In addition, BBDC and MVC will take steps necessary to provide for the repayment at closing of MVC’s credit facilities and the redemption or assumption of MVC’s 6.25% senior notes due November 30, 2022.



The Merger Agreement also contains certain termination rights in favor of BBDC and MVC, including if the First Step is not completed on or before February 10, 2021 or if the requisite approvals of BBDC stockholders or MVC stockholders are not obtained. The Merger Agreement also provides that, upon the valid termination of the Merger Agreement under certain circumstances, BBDC may be required to pay or cause to be paid to MVC a termination fee of approximately $4.70 million, or MVC may be required to pay or cause to be paid to BBDC a termination fee of approximately $2.94 million.

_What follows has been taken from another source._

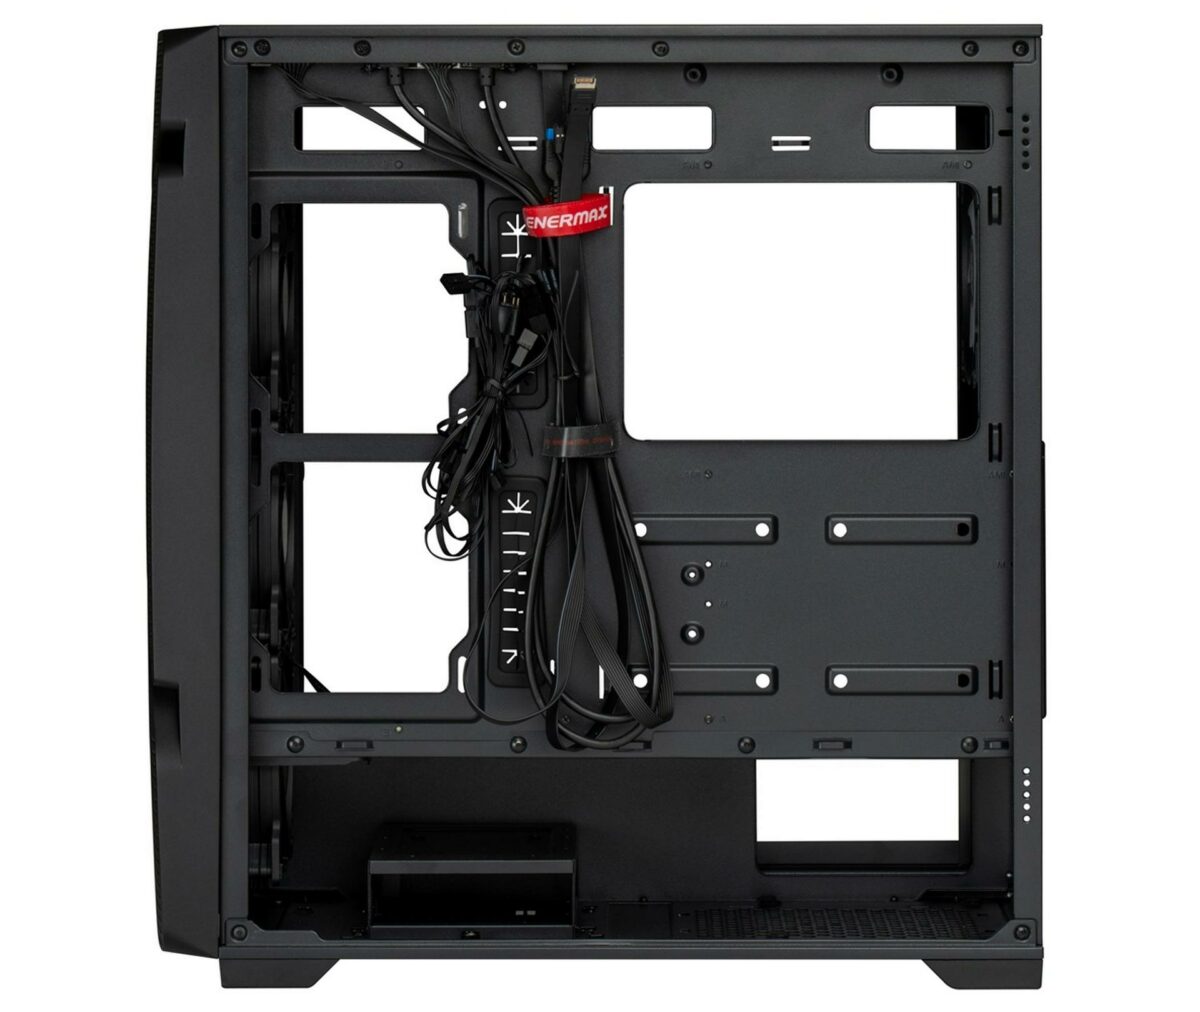 Enermax MS31 black PC case with the right side panel taken off, displaying the cable management.

The description above is only a summary of the material provisions of the Merger Agreement and is qualified in its entirety by reference to a copy of the Merger Agreement, which is filed as Exhibit 2.1 to this Current Report on Form 8-K and incorporated by reference herein.

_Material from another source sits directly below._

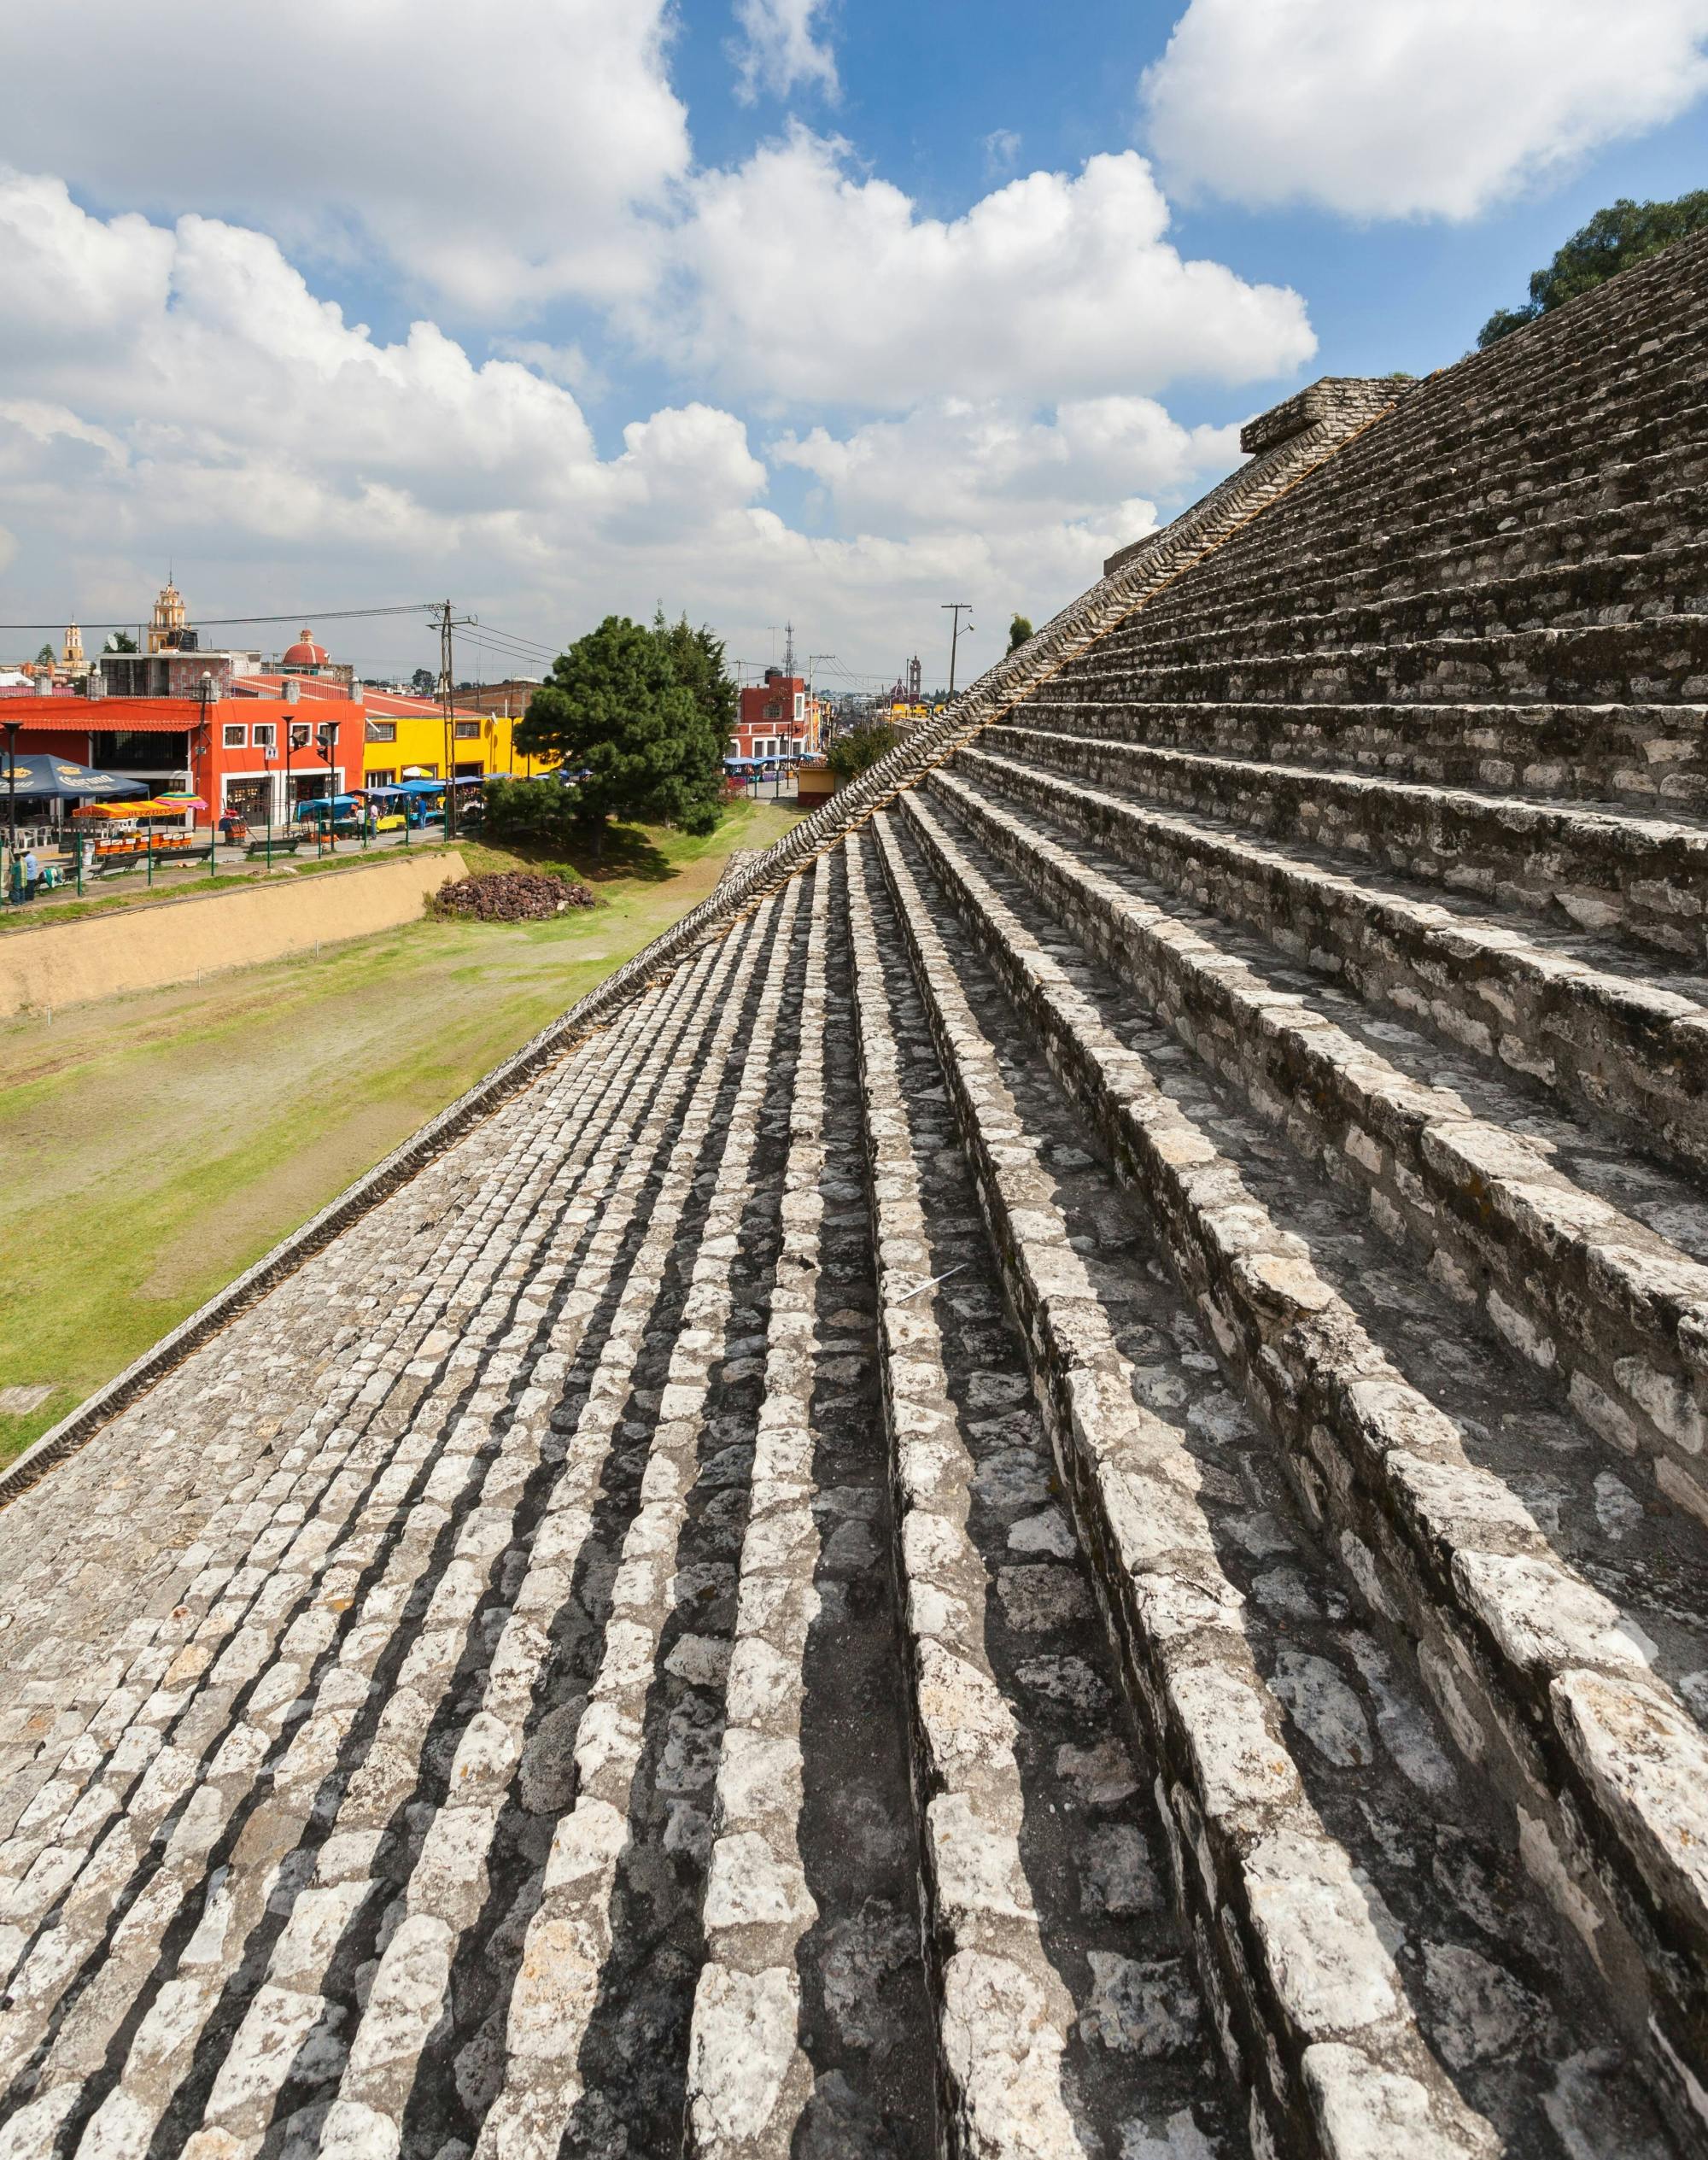 Discover The Magical Towns of Puebla & Cholula

The representations and warranties and covenants set forth in the Merger Agreement have been made only for purposes of such agreement and were solely for the benefit of the parties to the Merger Agreement, may be subject to limitations agreed upon by the contracting parties, including qualification by confidential disclosures made for purposes of allocating contractual risk between the parties to the Merger Agreement instead of establishing these matters as facts, and may be subject to standards of materiality applicable to the contracting parties that differ from those applicable to investors. Accordingly, the Merger Agreement is included with this filing only to provide investors with information regarding the terms of the Merger Agreement, and not to provide investors with any factual information regarding the parties to the Merger Agreement or their respective businesses.
Voting Agreements
Prior to the entry into the Merger Agreement and as a condition to the willingness of BBDC to enter into the Merger Agreement, Leon G. Cooperman, Michael T. Tokarz, Wynnefield Capital, Inc. and West Family Investments, Inc., MVC stockholders which collectively own approximately 31% of MVC common stock issued and outstanding as of the date of the Merger Agreement, entered into voting agreements with BBDC (collectively, the “Voting Agreements”), pursuant to which, among other things, such MVC stockholders have, subject to the terms and conditions set forth in the Voting Agreements, agreed to support the Merger and the transactions contemplated by the Merger Agreement and to vote all their shares of MVC common stock in favor of the First Step. The Voting Agreements' obligations to vote in favor of the First Step terminate upon certain events, including the effective time of the First Step, the valid termination of the Merger Agreement in accordance with its terms, the termination of the Voting Agreements by mutual consent of the parties thereto or a change in MVC’s board of directors’ recommendation to the MVC stockholders pursuant to the Merger Agreement.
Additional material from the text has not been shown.